Nonsense mutations are single spelling mistakes in the genetic code that, when read by cellular machinery, mark a "full stop" in the process of turning genetic code into one of the proteins that builds and operates cells.

This prematurely interrupts the process of making the proteins, creating fragments of proteins without function and ultimately resulting in genetic disorders and disease. PTC124 is a small molecule that allows the biochemical machinery to skip these full stops to restore the manufacture of the protein. The drug acts on the ribosomes, the "factories" that make the proteins that build and operate cells.

Dr Peltz said that in some hereditary diseases even if only one per cent of protein is made as a result of the drug's action, there can be a significant effect. Often as little as 10 per cent of normal protein is enough to halt the condition. I

n Phase 1 - preliminary, clinical trials, PTC124 was generally well tolerated, achieved concentrations in the body that have been associated with activity in animals. One fear was that the normal full stops in the genetic code could be ignored, causing side effects. But there was no evidence of this, said Dr Peltz.

PTC has had approval from the US authorities to carry out larger - Phase 2 - clinical trials of PTC124 in nonsense-mutation-mediated cystic fibrosis and Duchenne muscular dystrophy.
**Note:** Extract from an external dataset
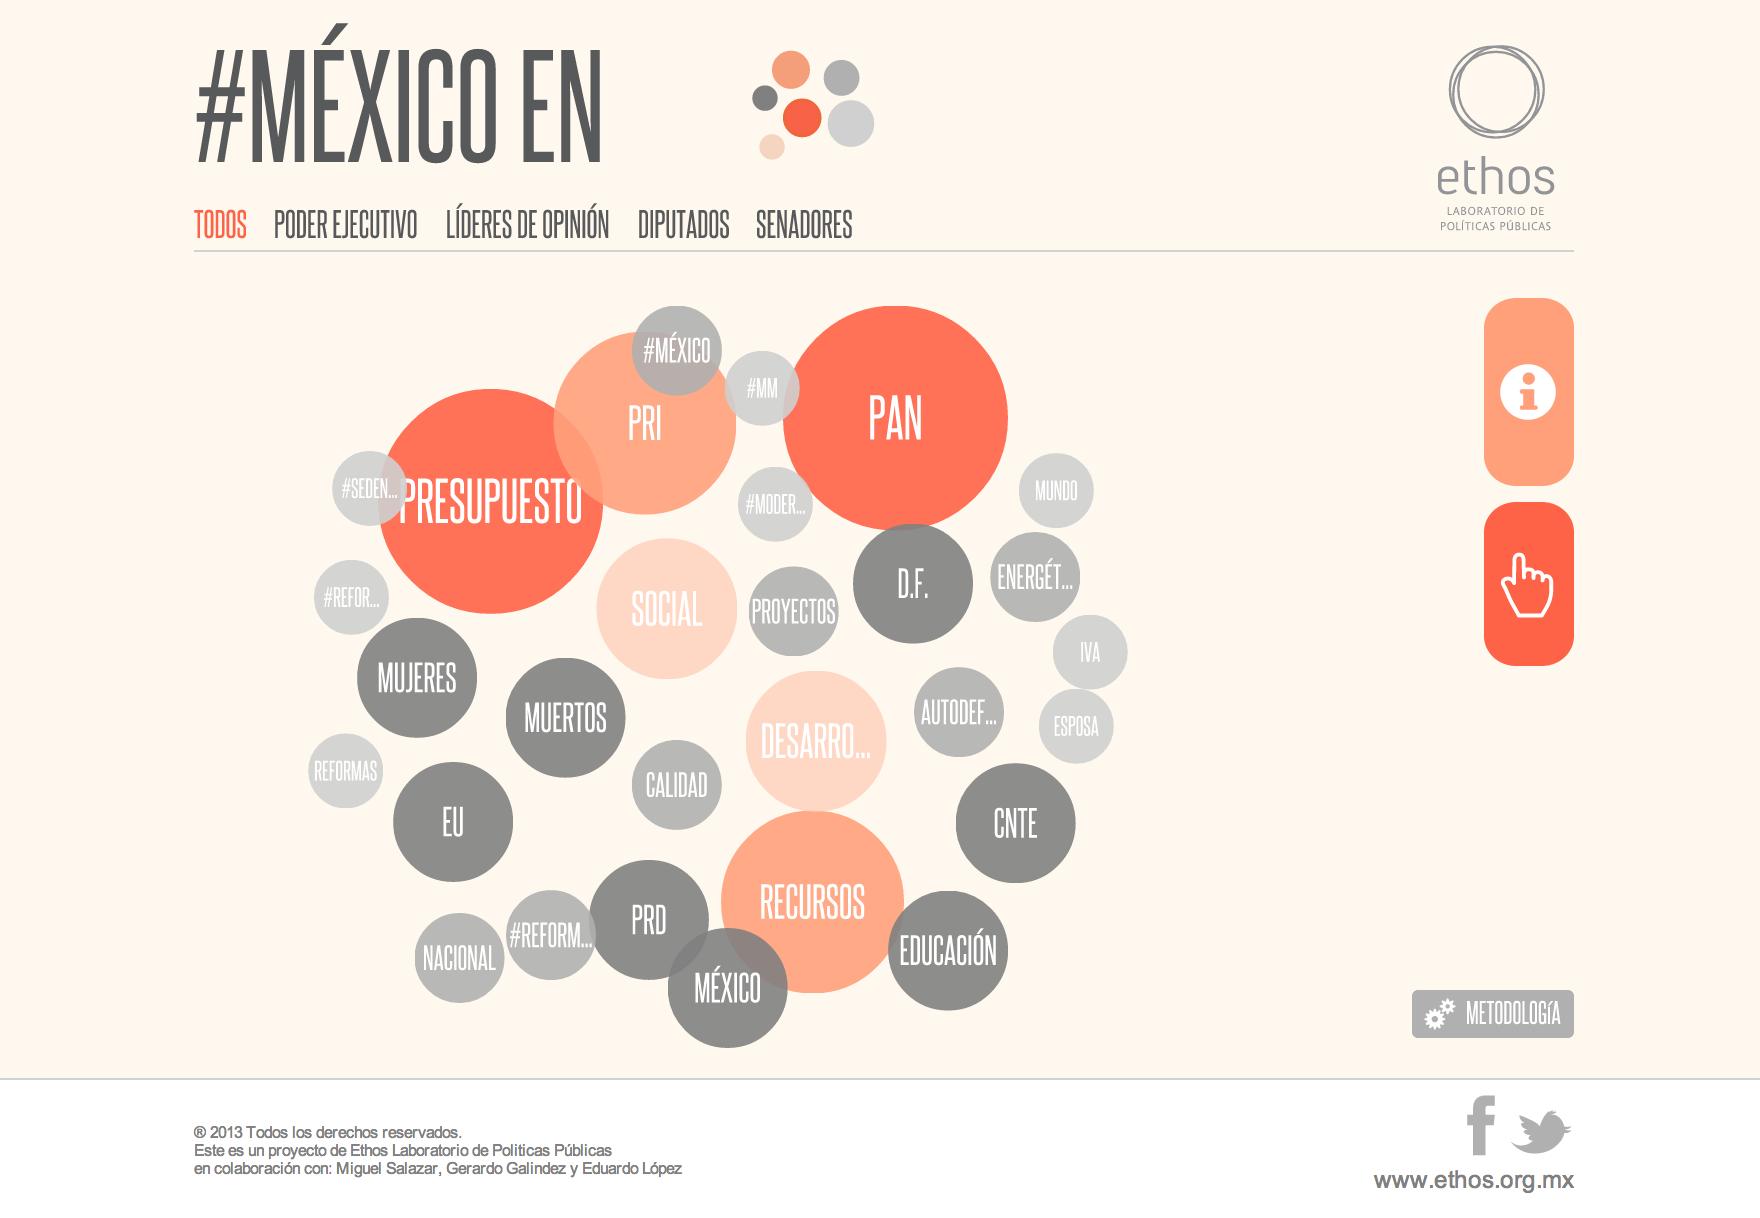 #MexicoEn140

Last year, at an international conference in London, the company reported increases in dystrophin in muscle biopsies in a number of patients and statistically significant improvements in muscle enzymes.

"These results are the first example of an oral therapy addressing the underlying cause of DMD by restoring dystrophin production," said Dr Richard Finkel, Children's Hospital of Philadelphia, one of the lead investigators of the trial on 26 patients. "There are limited therapeutic options for patients living with DMD, and these data strongly indicate PTC124 warrants further clinical investigation in this patient population, which has a great unmet medical need." Patients included in the interim analysis were enrolled at three clinical sites in the United States: Children's Hospital of Philadelphia, Philadelphia, Pennsylvania; Cincinnati Children's Hospital Medical Centre, Cincinnati, Ohio; and the University of Utah, Salt Lake City, Utah.

In the study, patients received 28 days of PTC124 treatment at one of two dose levels. All patients were boys with a nonsense mutation in the dystrophin gene.

Patients with cystic fibrosis lack the CFTR protein that maintains proper hydration of cells in the lung, pancreas, and liver, triggering viscous secretions that result in inflammation, chronic colonisation by bacteria and progressive organ destruction. Patients experience chronic shortness of breath, coughing and production of thick, sticky sputum.

In two Phase 2 clinical trials in around 40 patients with cystic fibrosis due to a nonsense mutation, one in America and one in Israel, doctors found that PTC124 can restore function of the (CFTR) protein in airway cells. "These results are very exciting because they provide the first indication that an oral therapy may address the underlying cause of CF through restoration of CFTR function," said Dr J.P. Clancy, University of Alabama at Birmingham, and the lead investigator.

Dr Eitan Kerem, at the Hadassah University Hospital in Mount Scopus, Jerusalem commented, "More than 60 per cent of cystic fibrosis patients in Israel have CF due to a nonsense mutation. Thus, we were very gratified to see such remarkable improvements in CFTR function and other parameters in just a two-week treatment period."